Open SquircleSpace opened 6 years ago

SquircleSpace commented 6 years ago

This is a completely crazy idea that almost no one actually wants, but...

Tools like find and xargs take in a command to run. Normally, you have to name a command backed by a binary. You can’t really tell xargs to run a shell function you defined earlier in your script.

Or can you?

Imagine there was an executable on disk that represented the builtin command, and running that executable magically got SHCL to run the appropriate builtin in the original shell process. You could just point xargs at that binary and suddenly it would be effectively calling a shell builtin.
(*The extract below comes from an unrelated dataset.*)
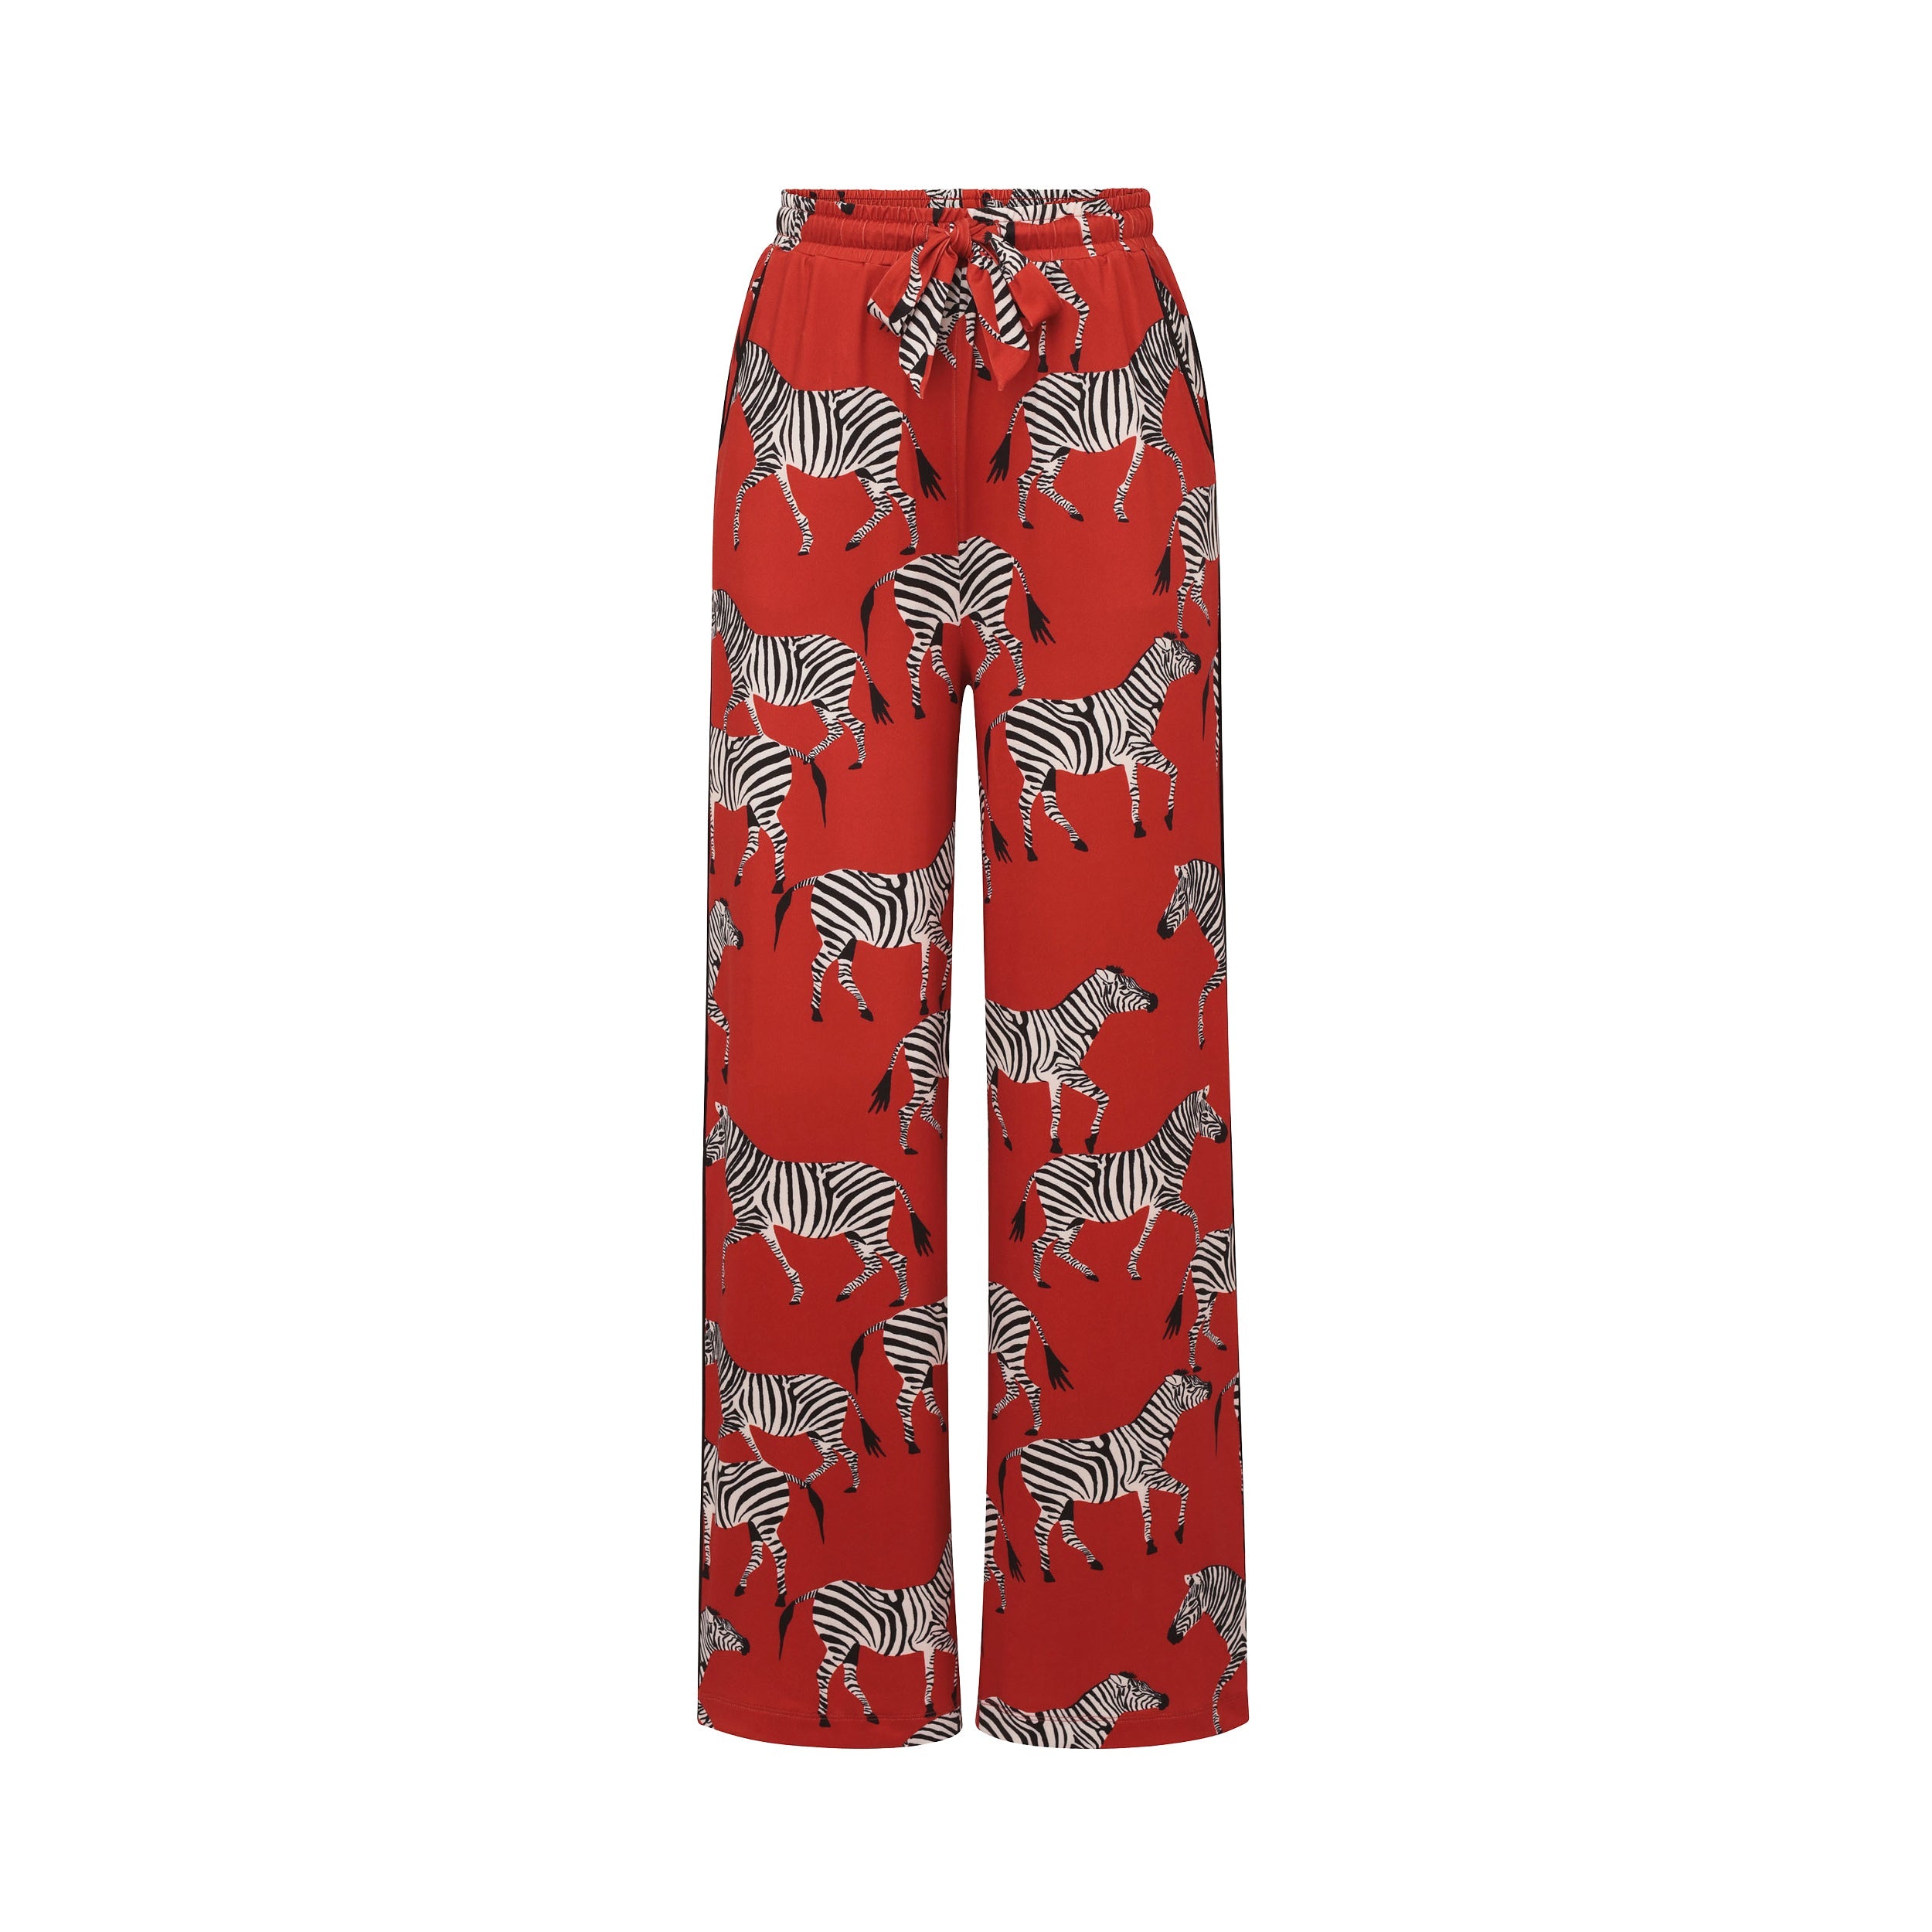 Product view of breathable, relaxed and buttery smooth pajama pant featuring high-waist cut, side pockets, front tie and stunning Zebra print.
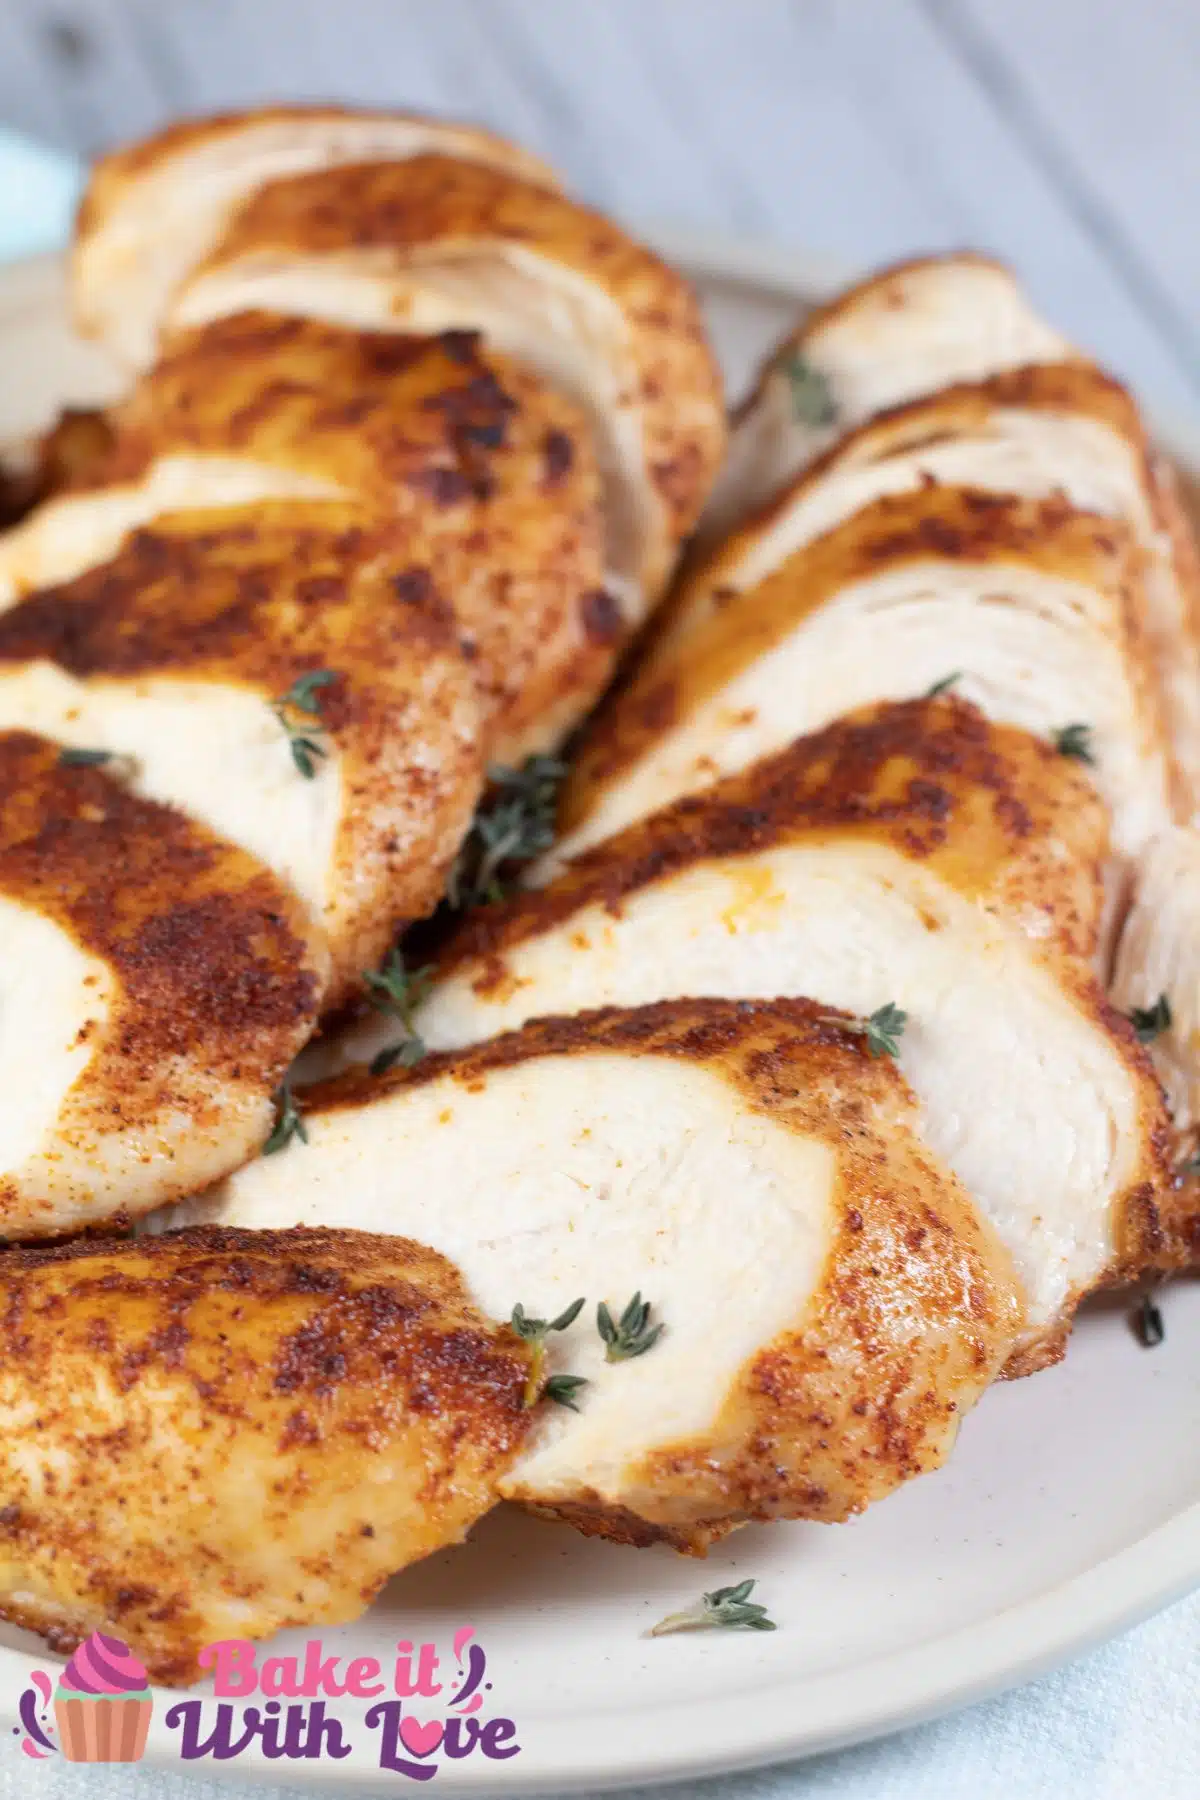 Tall image showing sliced boneless skinless air fryer chicken breasts.

SHCL could create these files on demand and clean them up when xargs exits.

With FUSE, you could do some even whackier stuff along these lines.

phmarek commented 6 years ago

I guess the way to do that is to export some environment variable pointing to a unix socket to the builtin subprocess, which that one uses to provide a "mirrored" shell by just relaying all commands to the original process. (Similar to "SSH_AUTH_SOCK" and swank communication.)

That way a single value is enough to identify a whole shell environment.

The same idea could be used to have one process in the background, but have multiple shells with TTYs share the same process environment (the same functions, the same variables, etc.) - think about all shells in tmux windows being "the same shell" in the background.

phmarek commented 6 years ago

So, basically have a swank-like communication channel that just transports the parsed representation of what the user types, and STDIN/STDOUT/STDERR for interactive behaviour.

Alternatively, let the parent process do all the parsing as well, and just create a small builtin binary that uses a multiplexed channel to relay the available FDs to the parent process.

SquircleSpace commented 6 years ago

Yeah! Now that you mention it, I remember thinking similar things a long time back. I was thinking of it as being analogous to emacs and emacsclient.